Scan the records beneath this line for the line holding "nayami_title_04" and the line holding "Transat Fauteuil a", then transcribe exactly those two and all lines between.

#### STORED DATA
▼

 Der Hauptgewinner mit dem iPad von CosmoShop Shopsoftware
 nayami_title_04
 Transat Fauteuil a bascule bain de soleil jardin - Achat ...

▲
▼

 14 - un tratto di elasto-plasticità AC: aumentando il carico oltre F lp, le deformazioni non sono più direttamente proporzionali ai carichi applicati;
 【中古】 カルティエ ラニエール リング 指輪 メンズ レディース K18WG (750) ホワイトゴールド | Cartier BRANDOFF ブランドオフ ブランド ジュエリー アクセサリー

▲
▼

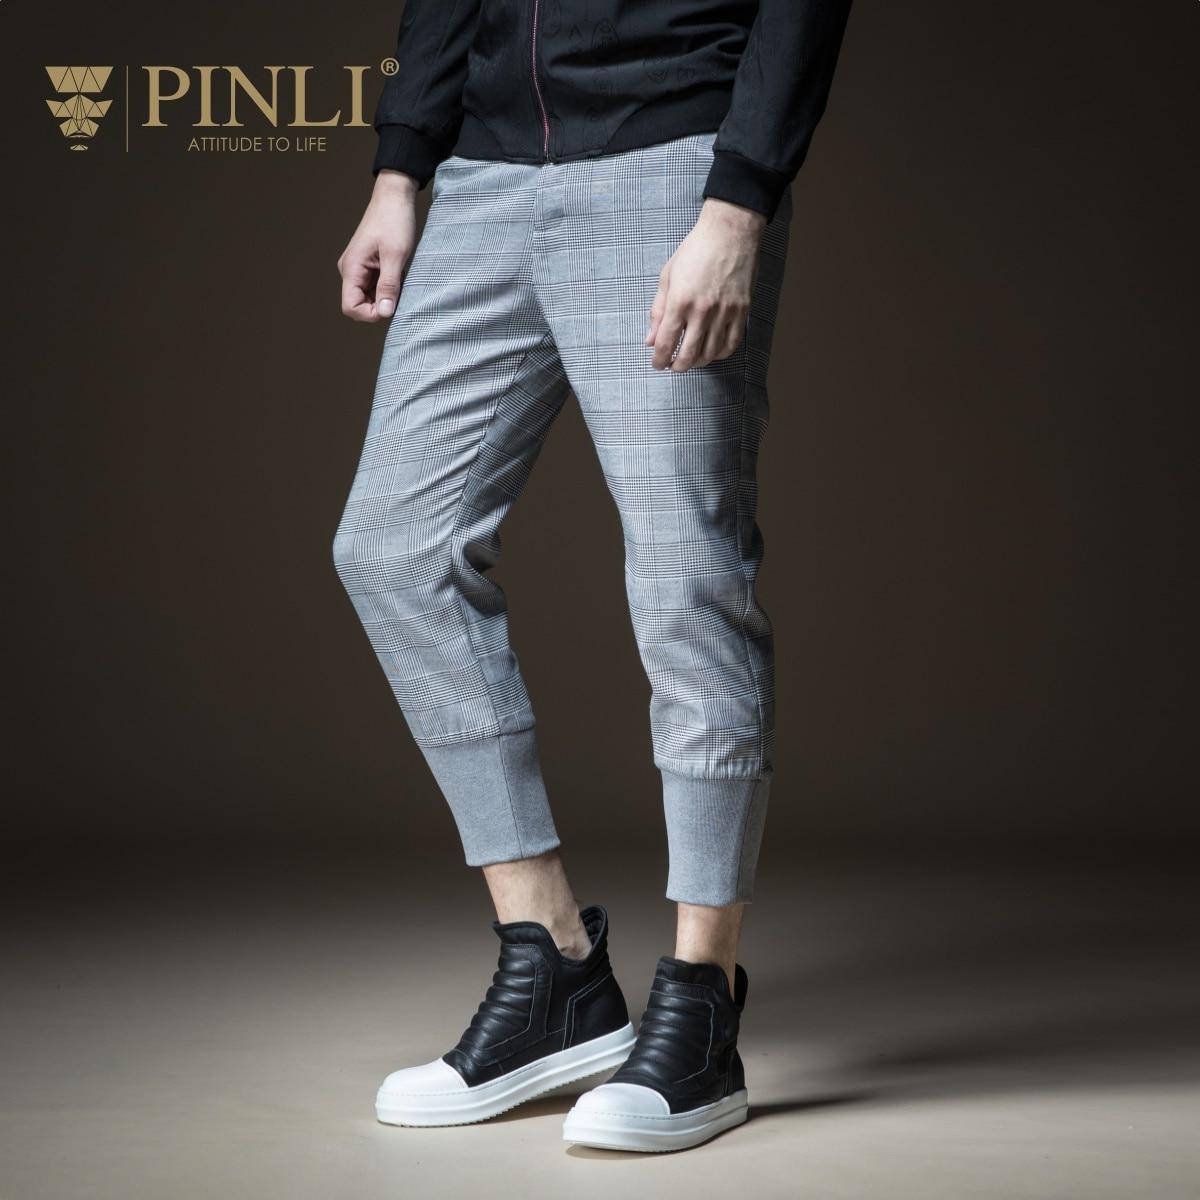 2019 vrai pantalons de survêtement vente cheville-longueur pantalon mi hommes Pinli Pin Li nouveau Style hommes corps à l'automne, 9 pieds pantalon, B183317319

▲

#### WRITTEN SOLUTION
 nayami_title_04
 Transat Fauteuil a bascule bain de soleil jardin - Achat ...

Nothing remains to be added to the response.